Chciał rzucić kwiaty do stóp swojej ukochanej. Grozi mu 7,5 roku więzienia.

3 godzin temu

To miał być romantyczny wieczór, podczas którego mężczyzna planował udowodnić swojej ukochanej jak bardzo ją kocha. W efekcie najbliższe lata może widywać ją jedynie zza krat.

52-letni mieszkaniec powiatu bolesławieckiego chciał zrobić prezent swojej partnerce. Wymyślił, iż da jej sto tulipanów. Problem w tym, iż zamiast je kupić w kwiaciarni postanowił zerwać z miejskiej rabaty. Ukradzione kwiaty – w sumie ponad sto sztuk – sprawca ukrył w bagażniku samochodu należącego do znajomych.

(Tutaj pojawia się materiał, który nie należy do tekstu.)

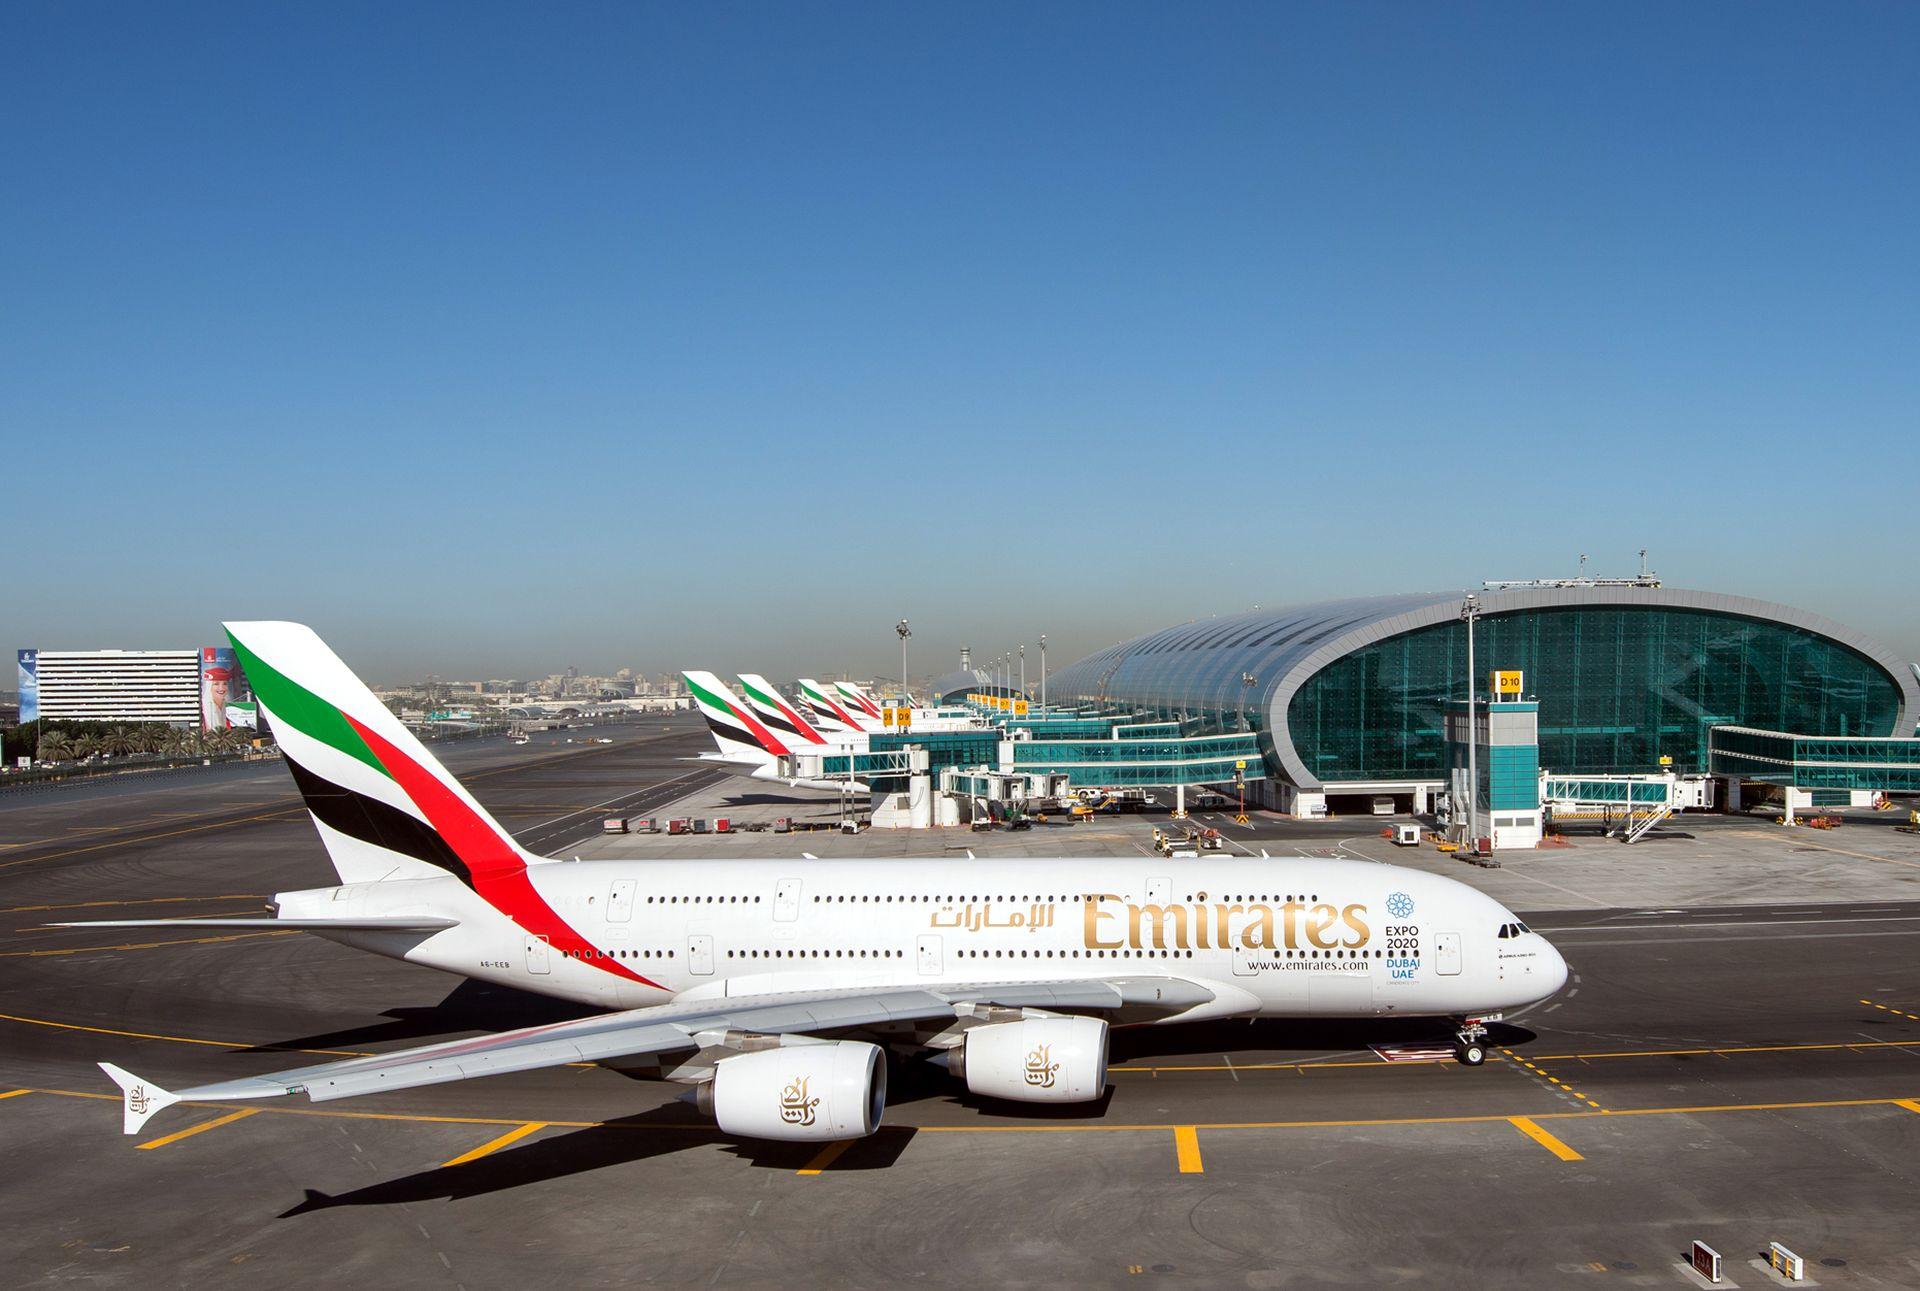 A380 společnosti Emirates v Dubaji. Foto: Emirates

Do zdarzenia doszło w Bolesławcu. Mężczyzna został dostrzeżony prze miejski monitoring, po czym zatrzymany przez funkcjonariuszy policji.

– Monitoring zarejestrował moment, kiedy 52-latek z rabaty miejskiej wyrywa tulipany wraz z cebulkami – poinformowała podkom. Anna Kublik-Rościszewska z Komendy Powiatowej Policji w Bolesławcu.

Po zatrzymaniu gwałtownie okazało się, iż podejrzany był nietrzeźwy.

– Mężczyzna w chwili zatrzymania był nietrzeźwy, miał ponad 3 promile alkoholu w organizmie. Podejrzany tłumaczył, iż kwiaty miały być prezentem dla jego partnerki – dodała policjantka, która wskazuje, iż po wytrzeźwieniu 52- latek, usłyszał zarzut kradzieży mienia o wartości 1000 złotych.

Całą sytuację dodatkowo komplikuje fakt, iż mężczyzna był już wcześniej karany za przestępstwa przeciwko mieniu.

– Sprawca był już wcześniej karany za przestępstwa przeciwko mieniu. Jako recydywiście, grozi mu zwiększony wymiar kary za kradzież, choćby 7,5 roku więzienia – poinformowała podkomisarz Kublik-Rościszewska.

Policja przypomina, iż choćby pozornie „niewinne” czyny, mogą skutkować surową odpowiedzialnością karną. W tym przypadku chęć zrobienia romantycznego gestu zakończyła się zarzutem kradzieży i perspektywą wieloletniego wyroku.